After discovering arsenic on the binding of an 1857 edition of Rustic Adornments for Homes of Taste in 2019, Dr. Melissa Tedone co-founded The Poison Book Project, which seeks to identify and catalogue the hazardous tomes in library collections—and help other researchers do the same. Proper scientific testing is the best way to accurately identify arsenic, but Tedone created “color swatch bookmarks which can be used for visual identification of the remarkably consistent hue of emerald green bookcloth when considered in combination with other historical clues.” In cases where these books must be handled, experts recommend wearing nitrile gloves, washing hands, and reading on a hard surface that gets wiped down after reading. Conservators should work with gloves under a chemical fume hood.
12. A Pickle for the Knowing Ones // Timothy Dexter
A Pickle for the Knowing Ones (1802) perfectly matches its eccentric author. Timothy Dexter, born in Massachusetts circa 1747, was famous for, according to legend, being prickly, semiliterate, and exceedingly lucky in his business decisions. He was a self-proclaimed lord who seemed to have little common sense, yet felt compelled to write down a random collection of his thoughts. Dexter’s book is short but incomprehensible thanks to its lack of punctuation and unorthodox spelling. He gave out copies for free and the book became an amusing oddity. In the second edition, he responded to criticism about the missing punctuation by adding a page at the end that consisted of a block of punctuation marks and instructions for the reader to “peper and solt it as they plese.”

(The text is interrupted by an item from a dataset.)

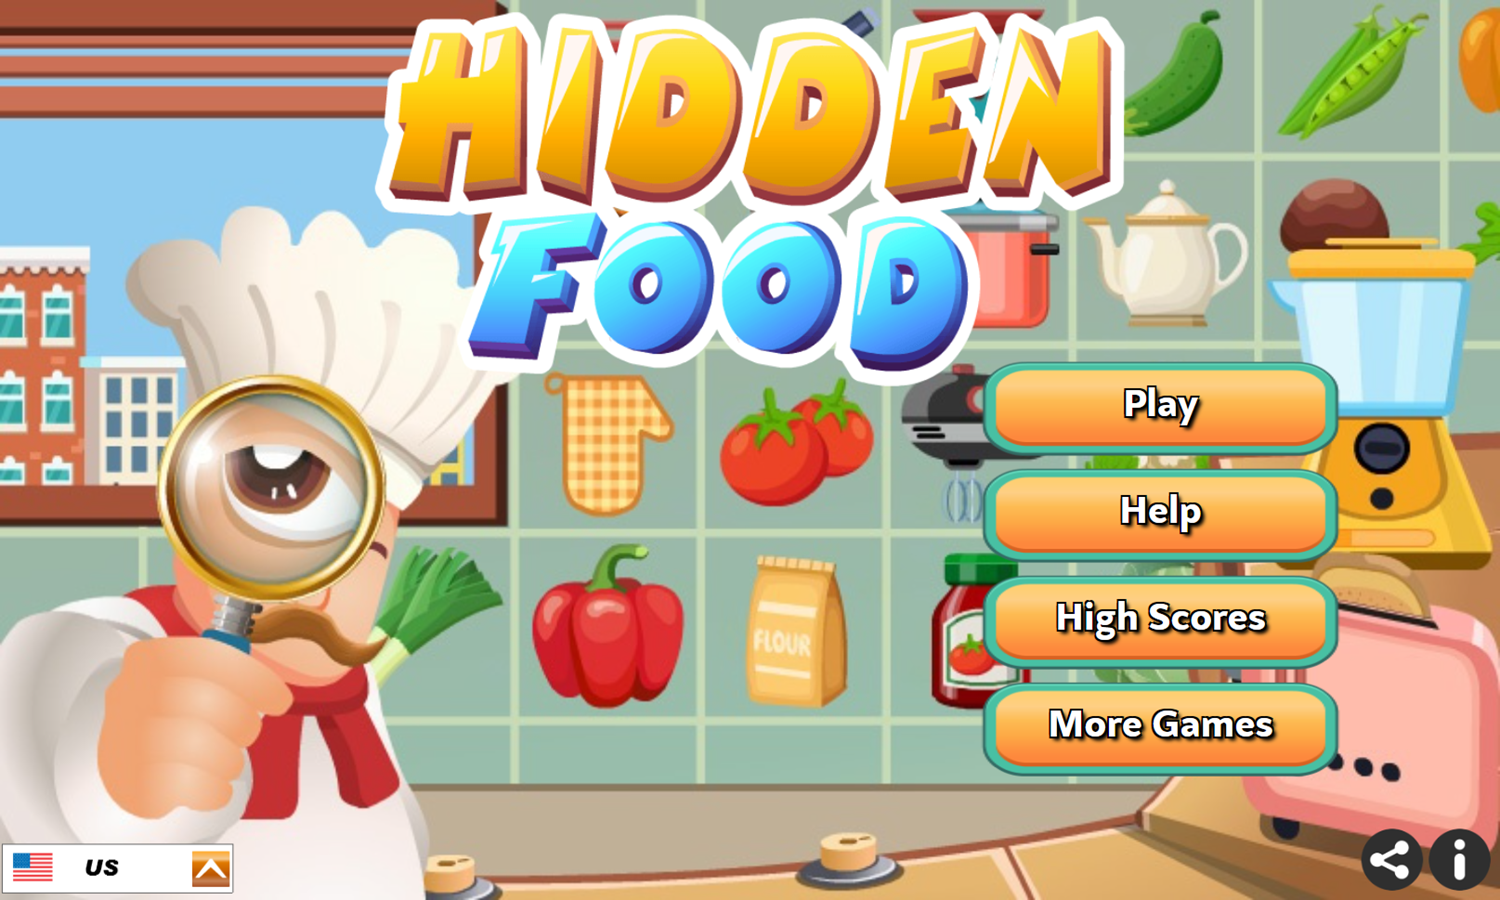 Hidden Food Game Welcome Screen Screenshot.

13. Gadsby // Ernest Vincent Wright
When writing Gadsby (1939), Ernest Vincent Wright set himself a very particular rule: He couldn’t use the letter E, the most common letter in the English language. Gadsby is often cited as an example of a lipogrammatic novel—a novel written without a specific letter. “The entire manuscript of this story was written with the E type-bar of the typewriter tied down,” Wright claimed (emphasis his) in the book’s introduction.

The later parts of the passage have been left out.